We can assess how much energy this takes by looking at the precision of physical constraints that occur within the observing system in response to stimuli. A good metaphor is pendulums. If we have a set of n pendulums and we change the precise mass or phase of one, then a constraint is introduced into the output of the system. The degree of control effected is relate to the precision with which that constraint is introduced. If the tolerance is high, then the constraint on the output behavior is lower, and “noisier”.
Holding up a mirror
As we’re fleshing out a model and conducting experiments to support it, we’re literally engaging in this process we’re describing. It’s become fashionable again to emphasize that thermodynamic entropy and Shannon entropy are not the same thing. They aren’t, but they do have a relationship.
The statistical entropy of a probability distribution measures how “spread out” the probability is among various states. These states in a physical system correspond to the range of possible values allowed in the mathematical model we’ve chosen. So if we have 1 particle in a box, we have 3 transational and 3 rotational continuously valued coordinates.
The “shannon alphabet” is what we might call the fixed number of values that may comprise a message. So when we look at the shannon entropy of a message within such a channel, the “states” we’re talking about is the set of possible messages.
So when we observe that our particle in a box has a certain set of coordinates, we’re essentially receiving a message. The tuning forks are the states of the equation… or in a more physical sense, they’re the observational instruments we have created which often are very literally and deliberately attuned to certain kinds of stimuli.
When we make a scientific observation, we have a place for that. There’s a specific part of the pendulum we can tune. Unless we discard the datapoint for some reason, there is a whole downstream chain of events that occurs in response to it, which ultimately changes the probability distribution of behaviors that we take in response to it. We are attuned to the signal. The mathematical model we use is part of that attunement.

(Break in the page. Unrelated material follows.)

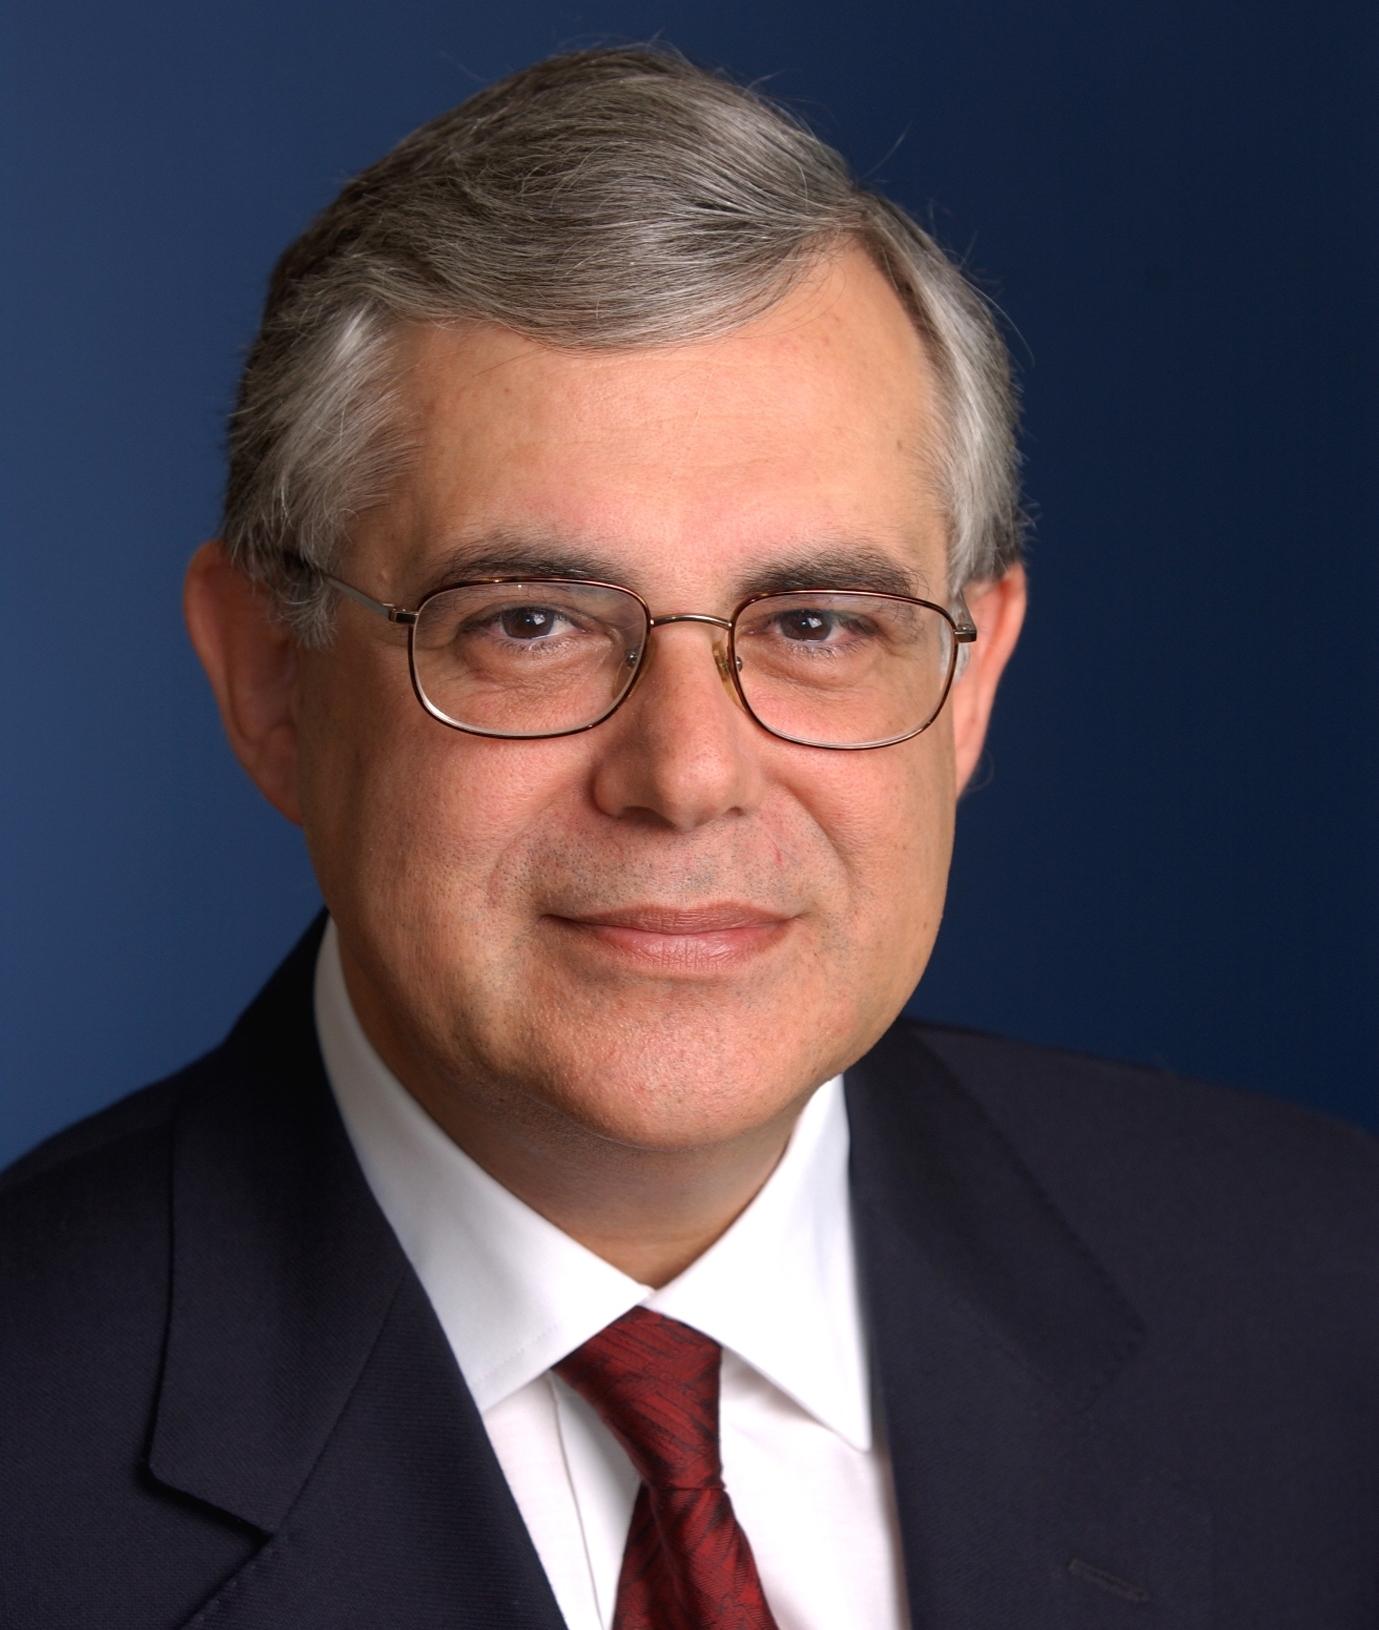 Lucas Papademos speaker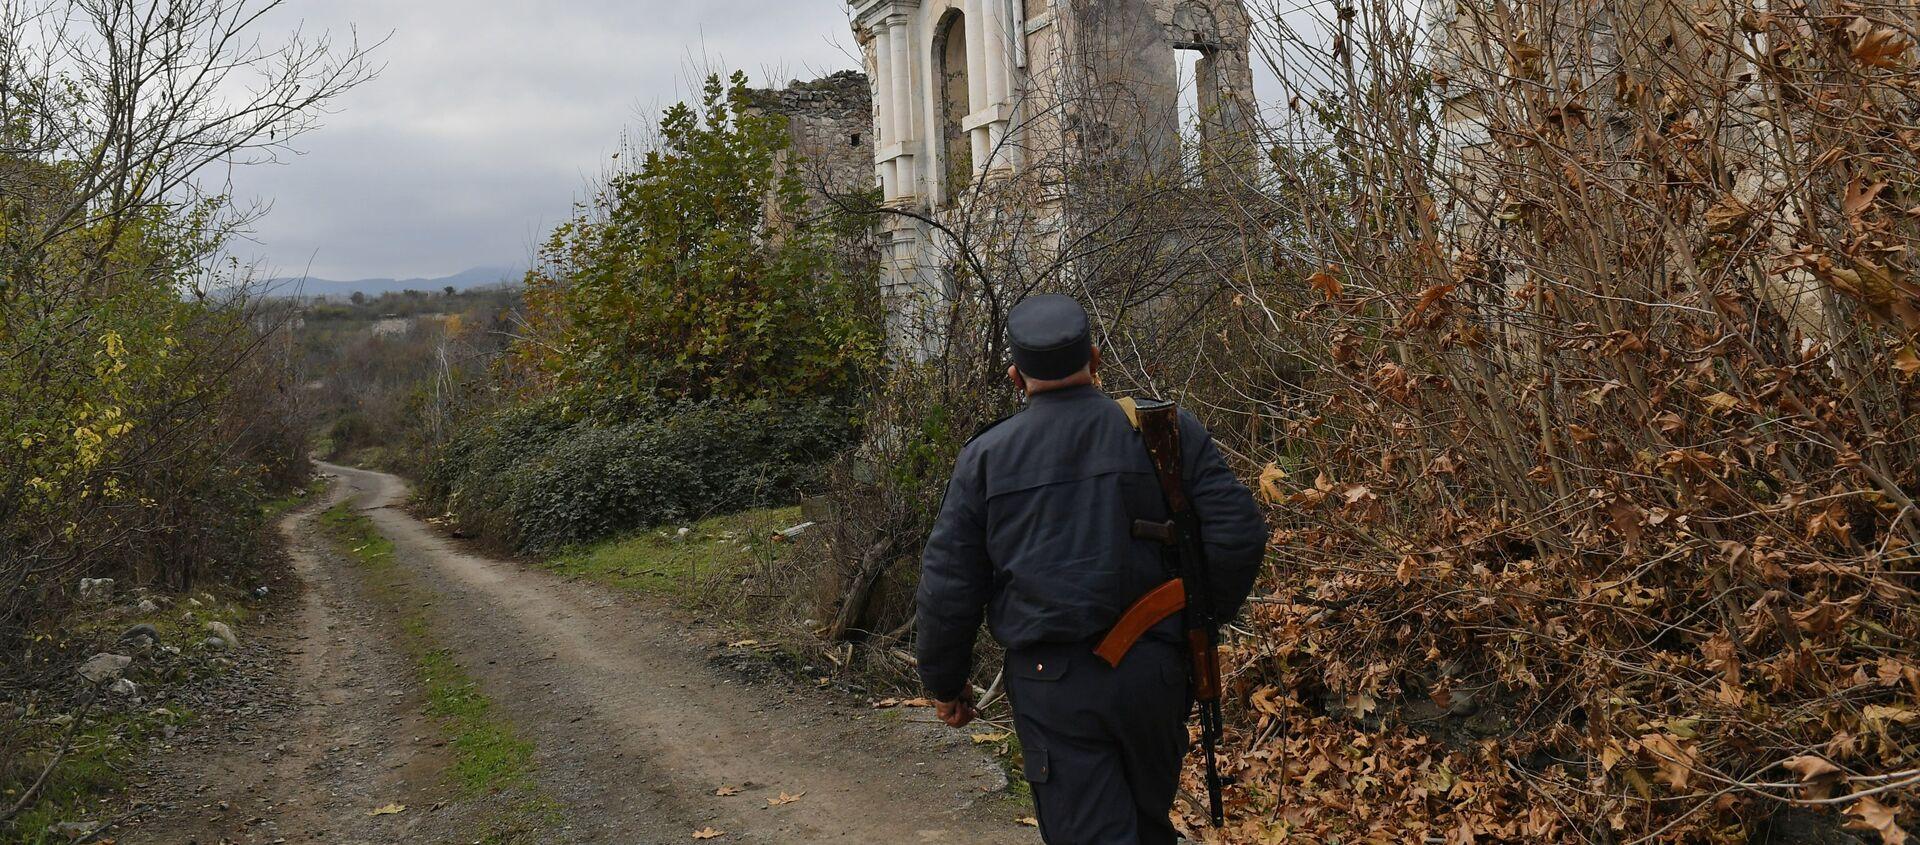 Azərbaycan polisi əvvəllər Araz qəzetinin redaksiyası olan dağılmış binanın yanında - Sputnik Азербайджан, 1920, 18.03.2021

If there were no “place” for the energy that was being transmitted to the system, then rather than resulting in the tuning of a certain pendulum, it would result in a random vibration somewhere in the pendulum. This would result in a general reduction of precision, because we don’t know where or how that vibration will propagate. Therefore, it can also be modeled as an increase in temperature, or an increase in the likelihood of any given state transition.
So the process of learning is the creation of an attunement mechanism, as well as the development of a mechanism which appropriately constrains the distribution of probable behaviors.
Potential Field
The degree of constraint can then be modeled as a potential field. In order to increase the degree of precision, the system must be driven into a higher potential. This allows us to describe information as a kind of potential energy and model information systems with kinetics etc.